[cxx-abi-dev] trivial __dynamic_cast fails?

[David Baraff]

At Pixar, we've been making use of a type-system that piggy-backs off 
of RTTI.
The only thing we require users to do is the following for each type 
they want to participate in the type system:

----source-file: derived.cpp-----
#include "instantiateType.h"
#include "derived.h"

TF_TYPE_INSTANTIATE(Derived, TF_1_PARENT(Base));
----------------------------------

At startup-time, the above macro injects into a registry that Derived 
has a parent, Base.
(Presumably base has done the same, possibly saying it has no parents 
and really is a base.)
If you have multiple parents, you can do e.g.

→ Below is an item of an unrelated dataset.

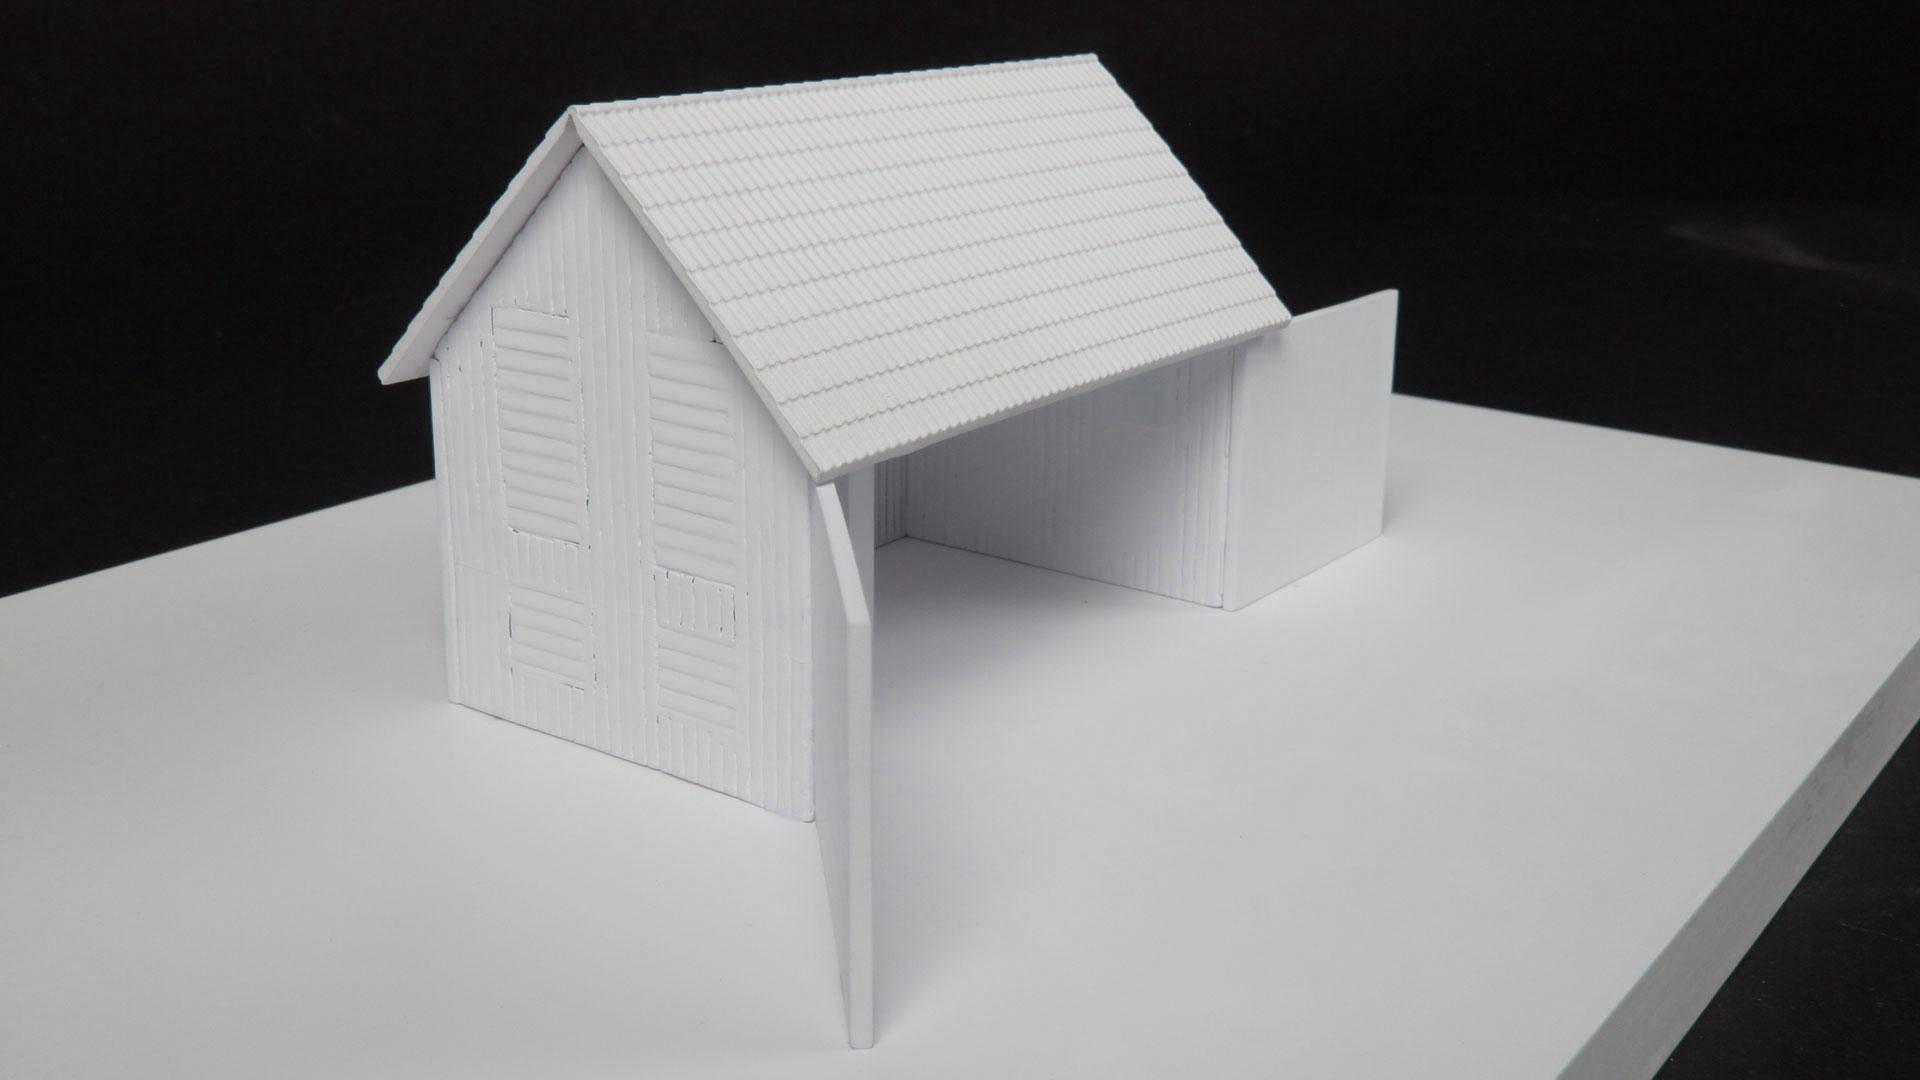 3d architekturmodelle schlagheck design for Architektur 3d druck

TF_TYPE_INSTANTIATE(MyMultiClass, TF_3_PARENT(Base1, Base2, Base3));

Along with inserting the parent/child info, the macro above also 
synthesizes cast functions to/from parent and child and adds them to 
the registry -- this is trivially done in the macro,  since static type 
information is available.  After this, at runtime, we simply use the 
typeid() operator on an object and use the RTTI type_info structure to 
do lookups in our type-registry, allowing for all the queries and 
conversions you'd imagine in functions that have no access to static 
type information.

The only ugliness, in fact, is requiring users to add that macro in 
their source code.
It would be nice to avoid that.

------------------------------------------------------
The __cxxabiv1 spec could let us avoid the macro ugliness.  (I say 
could because I'm quite leery about depending on constructs outside the 
language.  While Pixar is limited to linux and OsX right now, [i.e. 
both g++ compilers], you never know how things could change.)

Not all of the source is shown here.